JP : La diminution de l’empreinte écologique est un thème évoqué par la majorité des clients, sans pour autant se concrétiser (à grande échelle). Nous avons donc développé la formule 360, une nouvelle approche qui permet d’envisager l’évolution future de la flotte de nos clients et prospects. Elle est articulée autour de trois thèmes :

  • L’empreinte écologique. Nos consultants analysent une trentaine de paramètres de la flotte de nos clients et l’usage qui est fait des véhicules. Ils formulent ensuite des conseils concrets pour envisager un parc plus durable.
  • Total Cost of Use. On se penche sur l’impact financier de la transition vers une flotte « verte ». Aujourd’hui, l’importation de véhicules électriques en Belgique est limitée. Ce qui engendre, il faut oser le dire, des coûts plus élevés pour l’électrique que pour des véhicules thermiques traditionnels. Malgré tout, on constate que le marché évolue assez vite. Les valeurs résiduelles des voitures électriques augmentent. Ce qui aide à proposer des tarifs finaux plus adéquats.
  • Le taux de satisfaction du conducteur.

Très sincèrement, nous constatons que les clients sont particulièrement satisfaits que nous puissions leur proposer une nouvelle manière de penser. Cela ne veut pas dire qu’ils adhèrent tous immédiatement à la vision. Il faut du temps…

PAS A PAS DANS LE MONDE DIGITAL

Comment envisagez-vous votre transformation digitale ?

JP : Quand les voitures seront autonomes, nous pourrons commander des véhicules quand et où nous en aurons besoin à l’aide d’un smartphone. On n’y est pas encore, évidemment. Malgré tout, des choses se mettent en place aujourd’hui, pas à pas, pour intégrer l’ère digitale :

  • La plateforme en ligne Private Lease, avec un showroom virtuel dynamique (évolutif, donc) et perpétuel. Nous avons constaté qu’environ 65 % des commandes en leasing pour particuliers se déroulent via un smartphone. On n’en est déjà plus à la logique d’un écran traditionnel…
  • LeasePlan Click & Drive propose aux PME des offres spéciales de leasing pour des véhicules très demandés, précommandés, disponibles dans un showroom en ligne, avec des délais de livraison rapides (deux semaines, dans un avenir proche).

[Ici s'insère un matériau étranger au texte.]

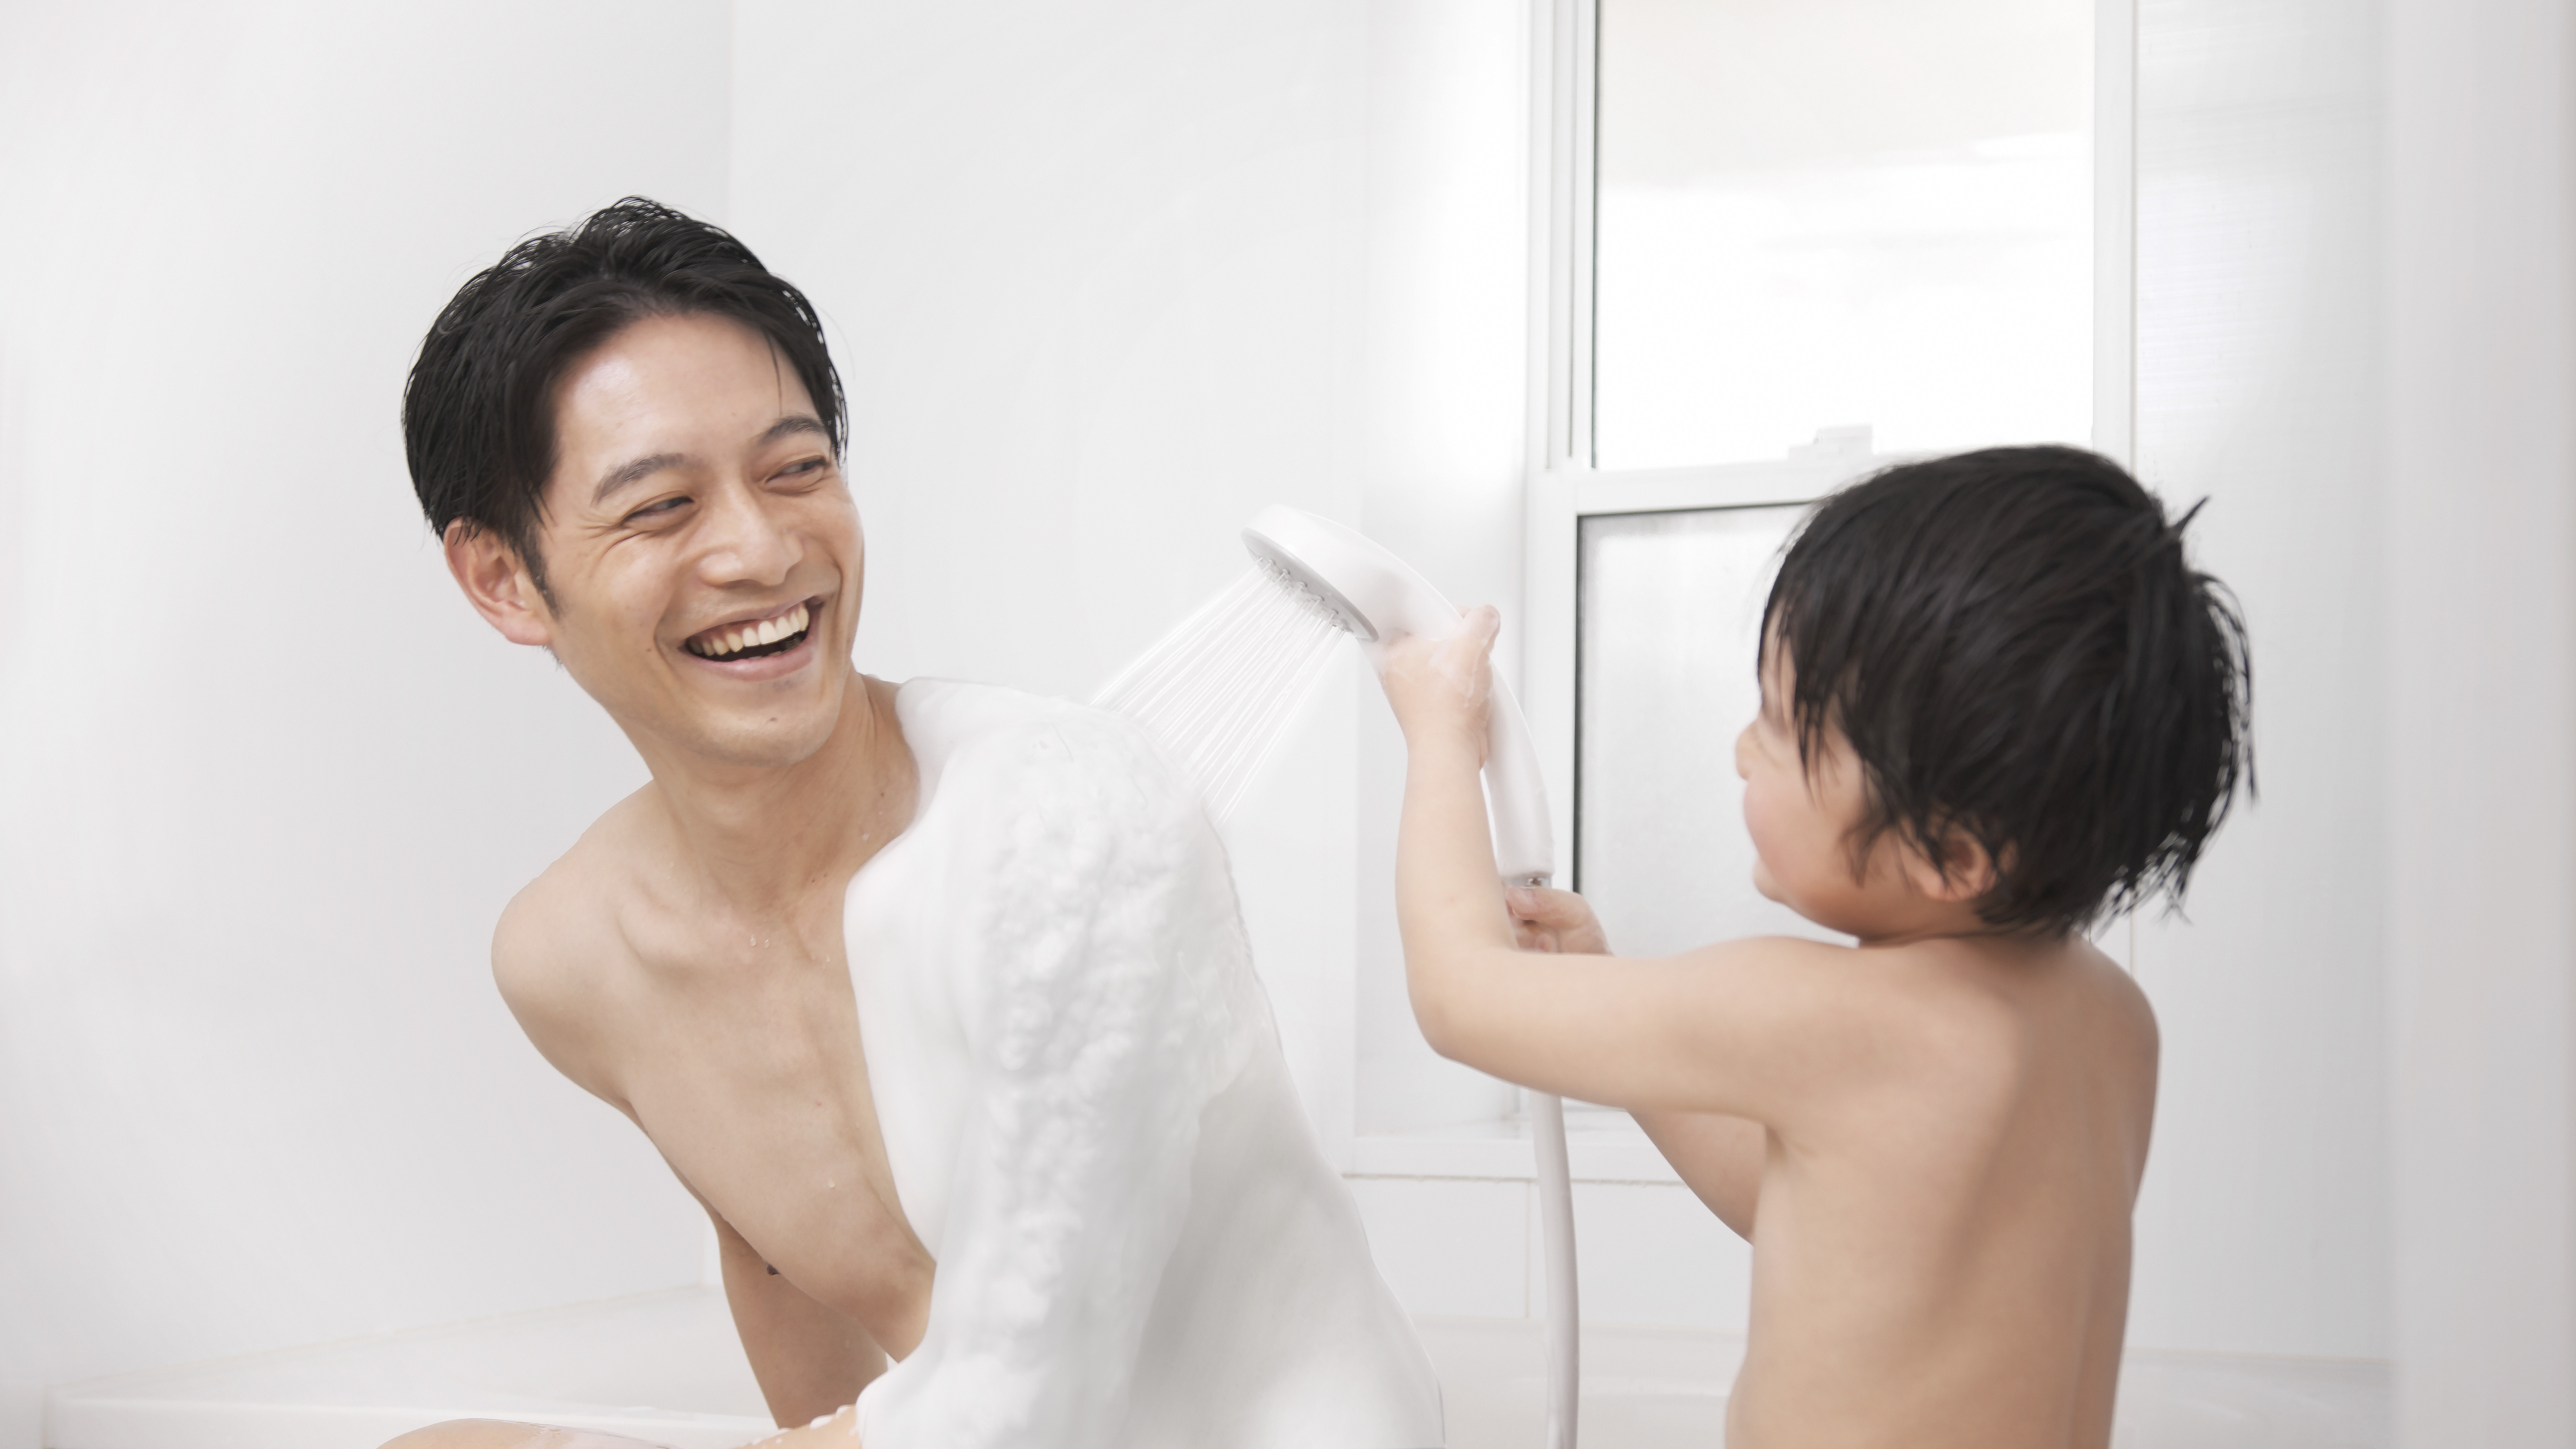 “絹泡”を生成する泡シャワー「KINUAMI U」の一般先行予約販売を開始 サムネイル画像

Tant pour le Private Lease que pour le Click & Drive, nous avons mis en place une fonction de chat. Nous remarquons que les gens posent quatre ou cinq questions. Puis ils commandent au bout de d’une poignée de minutes.
  • Les LeasePlan Experience Stores s’appuient sur le digital pour donner une seconde vie aux 300.000 véhicules LeasePlan arrivant chaque année en fin de contrat en Europe (15 à 18.000 en Belgique). En combinaison à cela, le client potentiel doit pouvoir garder le contact physique avec le véhicule. D’où l’ouverture de showrooms « high level », dont un en Belgique dès l’an prochain. L’endroit n’est pas encore déterminé. Nous disposons d’une short list. Evidemment, ce projet n’exclue pas nos partenaires habituels de revente de véhicules d’occasion.

L’avenir sera digital, mais aussi connecté, disiez-vous…

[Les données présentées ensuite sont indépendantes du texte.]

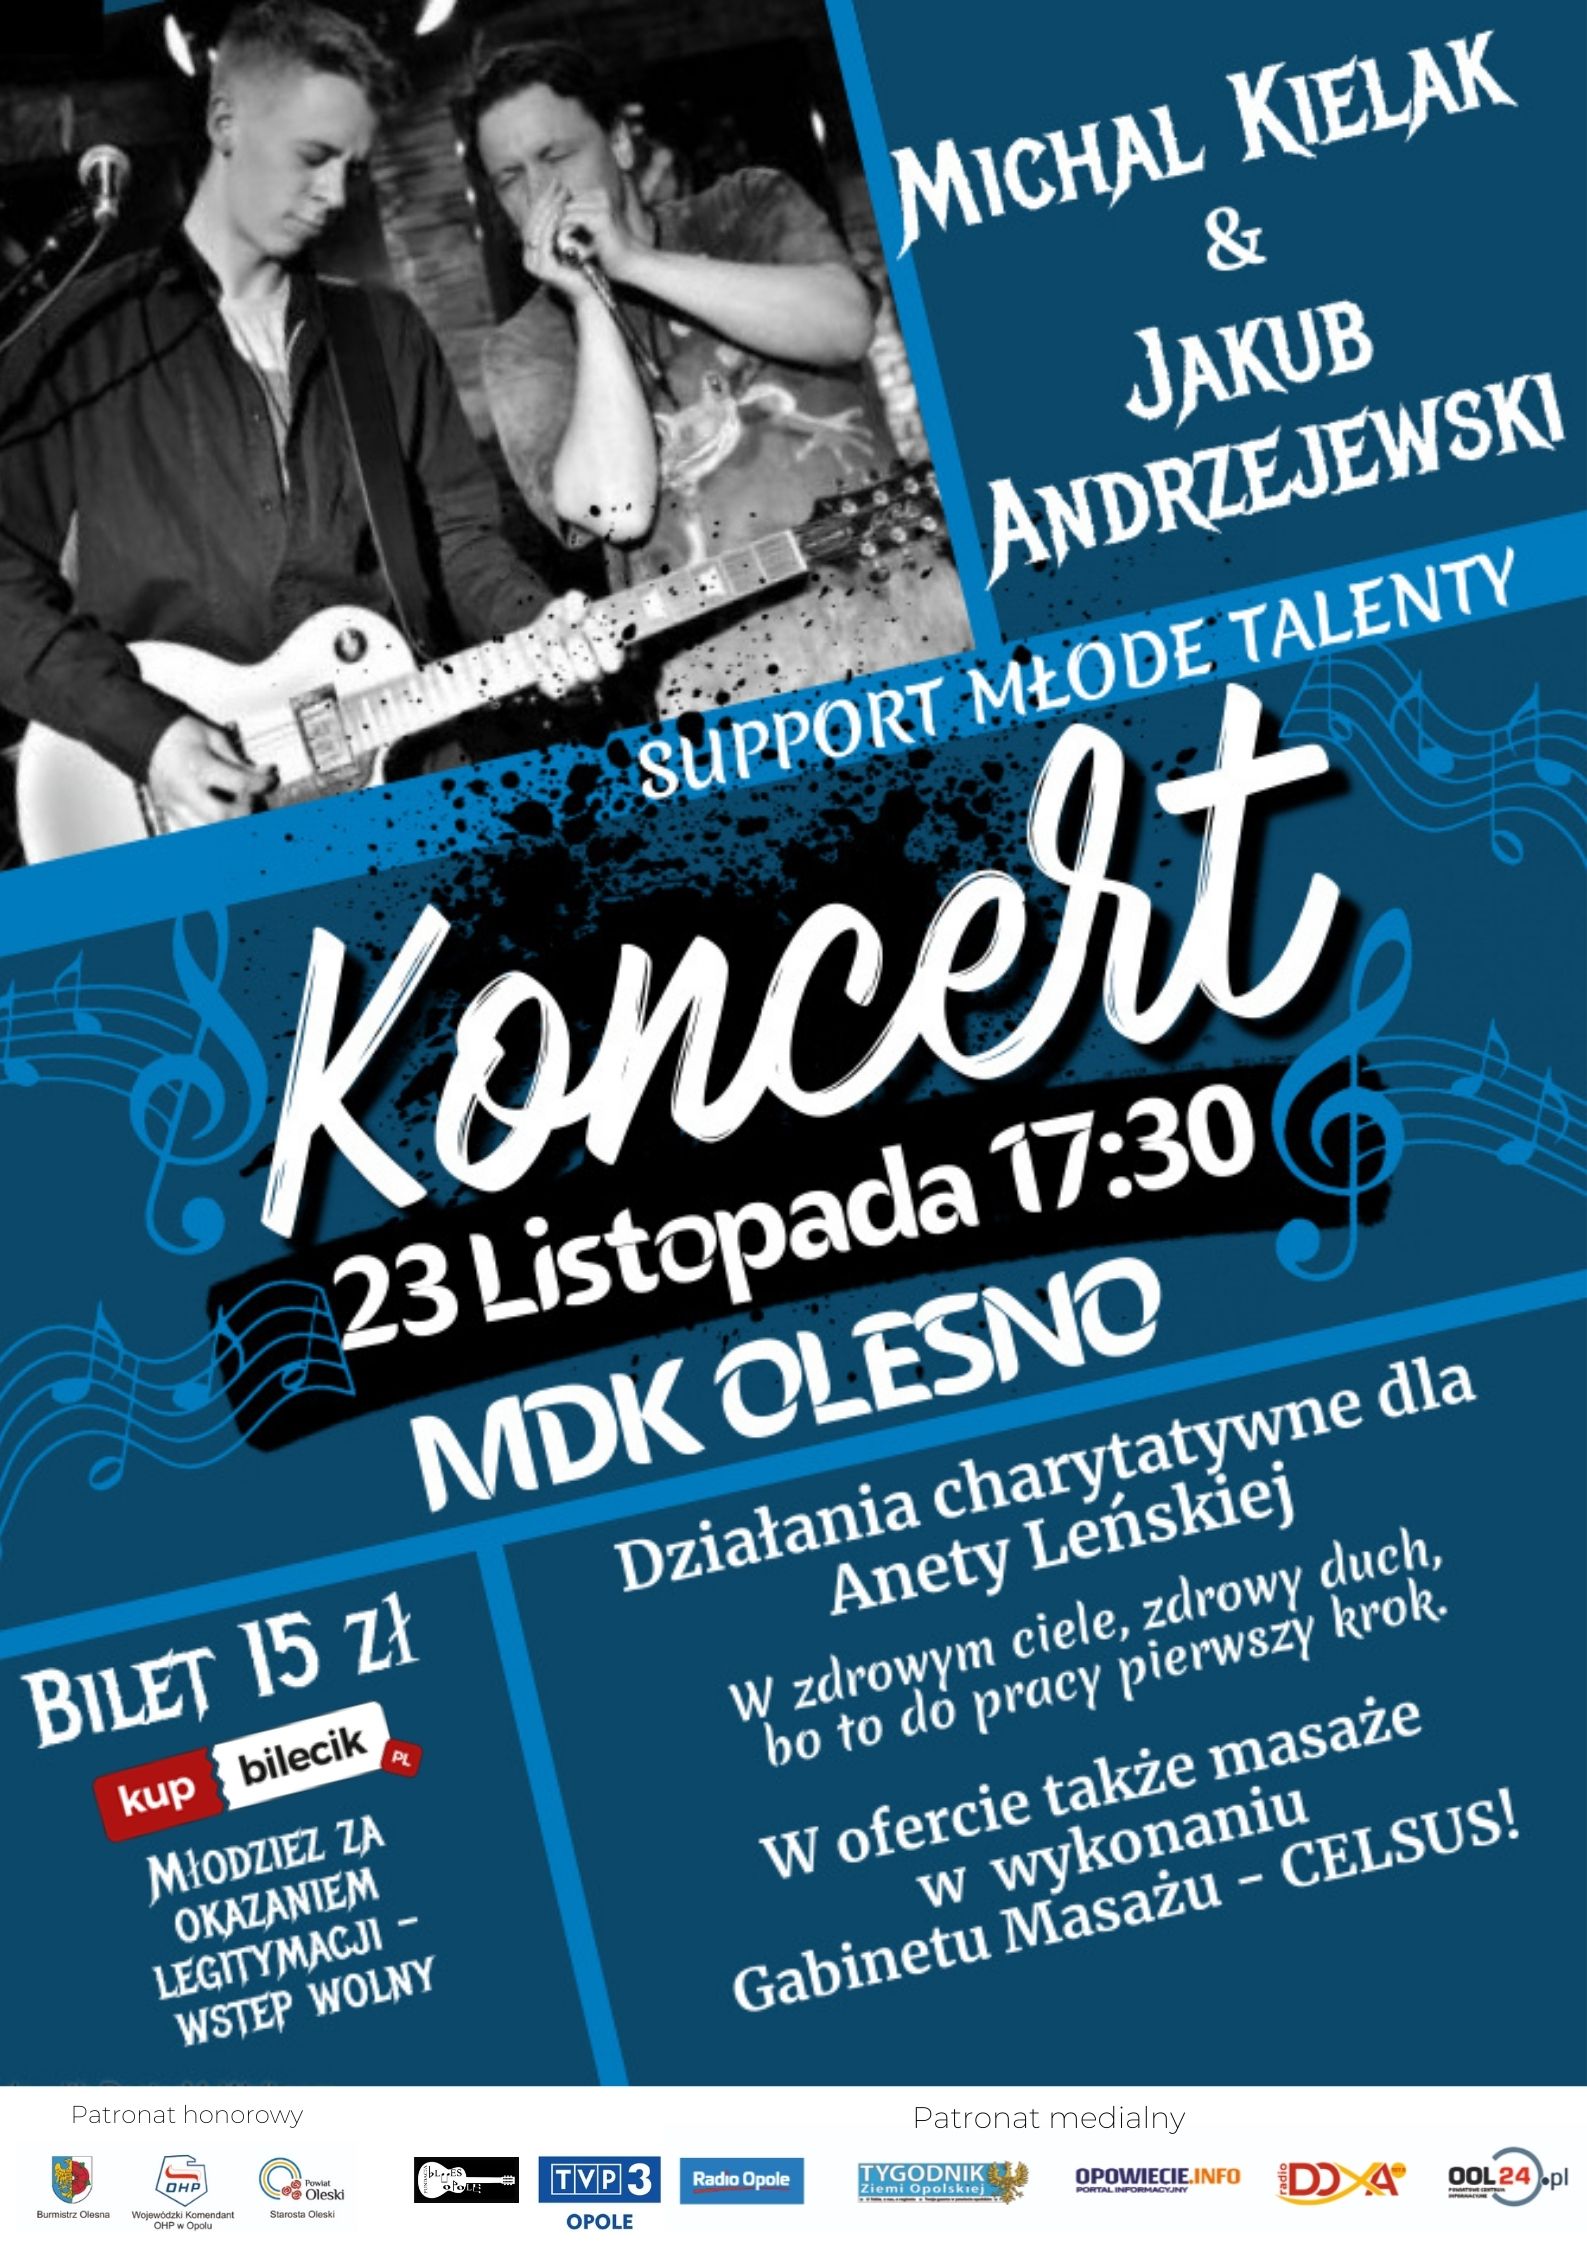 Michał Kielak i Jakub Andrzejewski zagrają koncert w Oleśnie

JP : Nous avions déjà le partenariat avec Uber. Nous avons désormais un partenariat avec TomTom Telematics, qui a débouché sur des projets pilotes lancés en Allemagne, aux Pays-Bas et au Royaume-Uni. En nous permettant d’accéder à sa plateforme WebFleet, TomTom va nous aider à créer une flotte connectée avec des données uniformisées dans un monde digital. C’est également un pas de plus vers les étapes ultérieures de notre stratégie sur les voitures partagées et autonomes. Disposer de ces données quand les voitures (autonomes ou pas) seront partagées nous permettra de répondre au mieux aux demandes ponctuelles et spécifiques. Nous serons en mesure de débloquer des véhicules aux endroits et aux moments où la demande est la plus forte.

La question s’impose : What’s next… que nous ne connaissons pas encore ?

JP : Tous les concepts que recèle « What’s next ? » n’ont pas encore été dévoilés au grand public. Le tsunami qui marque la réinvention de LeasePlan n’est donc pas encore terminé. Mais je ne peux en dire davantage à ce stade.